Lichtenstein era un artista e un uomo comune: iniziò a prepararsi per una professione perfettamente normale (l'insegnamento) e fu arruolato nell'esercito. Non poté sfruttare il fatto che l'esercito lo avesse portato a Parigi per la sua crescita artistica (e per la sua conoscenza di Picasso) come previsto, perché dovette tornare a casa a causa della grave malattia del padre.
Dopo la guerra completò la sua formazione da insegnante presso l'Ohio State University e, sebbene avesse iniziato un master in Belle Arti , nel 1949 pose un ulteriore ostacolo al suo "libero sviluppo artistico" sposandosi e avendo due figli con la moglie Isabel Wilson negli anni successivi.

Fonte: Kunststiftung Poll [CC BY-SA 3.0 de], tramite Wikimedia Commons
Lichtenstein era quindi in parte responsabile del sostentamento della famiglia e negli anni '50 svolse ogni sorta di lavoro che serviva meno al suo sviluppo artistico e più a garantirgli il sostentamento.
Nella prima parte della sua vita non ebbe molto tempo da dedicare alla sperimentazione artistica e alla ricerca di un proprio stile: partecipò a una vita reale e vibrante a tal punto che non era facile, nemmeno per una persona creativa, sviluppare idee artistiche altamente raffinate parallelamente.

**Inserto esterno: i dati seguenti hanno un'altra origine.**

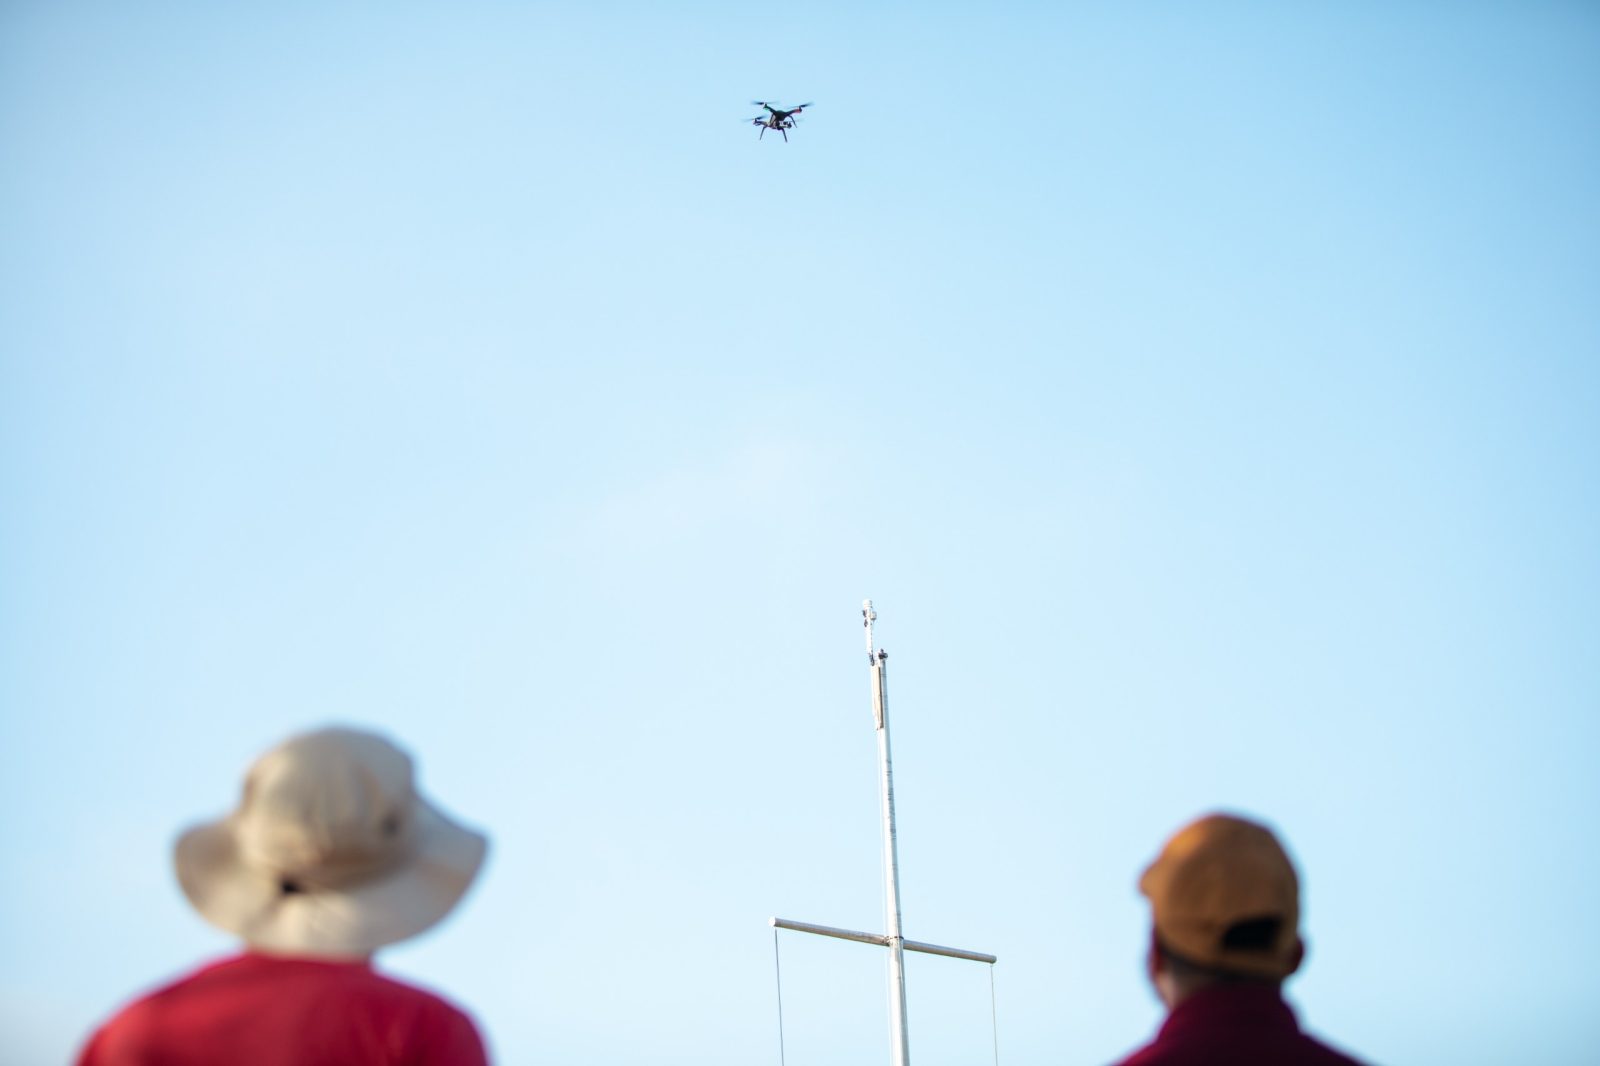 Virginia Tech graduate students Landon Bilyeu (left) and Javier Gonzalez-Rocha (right) use a drone to monitor wind at Grand Lake St. Marys, Ohio. A black drone hovers above a white nautical telescoping flagpole, with a brilliantly clear blue sky creating a stark contrast. Courtesy of Christina+David.

Svegliati, Lichtenstein! Ovvero: Cosa può fare un nuovo lavoro
Questa vita in Ohio, con occasionali viaggi a New York, a 750 km di distanza, per motivi artistici, sarebbe potuta continuare all'infinito. Soprattutto se Lichtenstein non avesse accettato un incarico di insegnamento alla Rutgers University nel New Jersey nel 1960. Fu lì, infatti, che si trovò in un ambiente estremamente creativo e conobbe tutti gli artisti che oggi sono " .
Alcuni tra i più importanti artisti contemporanei si erano riuniti all'università dell'Ohio: Jim Dine e Claes Oldenburg, Lucas Samaras e George Segal, George Brecht e Geoffrey Hendricks, Dick Higgins e sua moglie Allison Knowles, George Maciunas e Robert Whitman – tutti raggruppati campus della Rutgers University attorno a due professori Allan Kaprow, l' "inventore dell'Happening", e Robert Watts, scultore, espressionista e amico di Fluxus.
Tale creatività ispirò nuovamente Lichtenstein e lo incoraggiò a perseguire anche le sue idee più stravaganti. Fino a quel momento, l'espressione artistica di Lichtenstein si era l'Espressionismo , la corrente artistica dominante dell'epoca, all'interno della quale Lichtenstein non riusciva a collocarsi con precisione tra le due scuole principali: l '"Action Painting" o gli "Espressionisti introversi"che, con le loro ampie pennellate, "invitavano alla meditazione".
Le opere nate da questi tentativi di posizionamento hanno finora attirato poca attenzione nelle mostre di New York, soprattutto quando, alla fine degli anni Cinquanta, cominciò a dubitare del suo stile.
Lichtenstein aveva già iniziato a sperimentare con le raffigurazioni di vari personaggi dei fumetti e della Disney , ma non espose mai pubblicamente queste prime immagini Disney. Preferì invece ridipingerle lui stesso. In seguito ammise di averle considerate azioni dettate dalla disperazione. Un vero peccato, perché queste immagini di Bugs Bunny, Paperino e Topolino gli avrebbero probabilmente fruttato un bel po' di soldi qualche anno dopo.
Infatti, quando Lichtenstein si lasciò ispirare dalle idee delle persone creative che lo circondavano, il risultato di questa fase sperimentale fu che egli "dimenticò" deliberatamente e completamente le sue capacità artistiche acquisite in precedenza e creò proprio un "quadro comico" come il suo primo quadro senza influenze espressioniste.
Nacque così lo stile distintivo di Lichtenstein. Dopo "Look Mickey", nell'estate del 1961 furono realizzati diversi altri dipinti in questo nuovo stile. In questo stile, egli combinava immagini nitide definite da linee decise con aree monocromatiche, elementi che imitavano le tecniche di stampa industriale (i punti Ben-Day) e il fumetto, elemento tipico dei fumetti.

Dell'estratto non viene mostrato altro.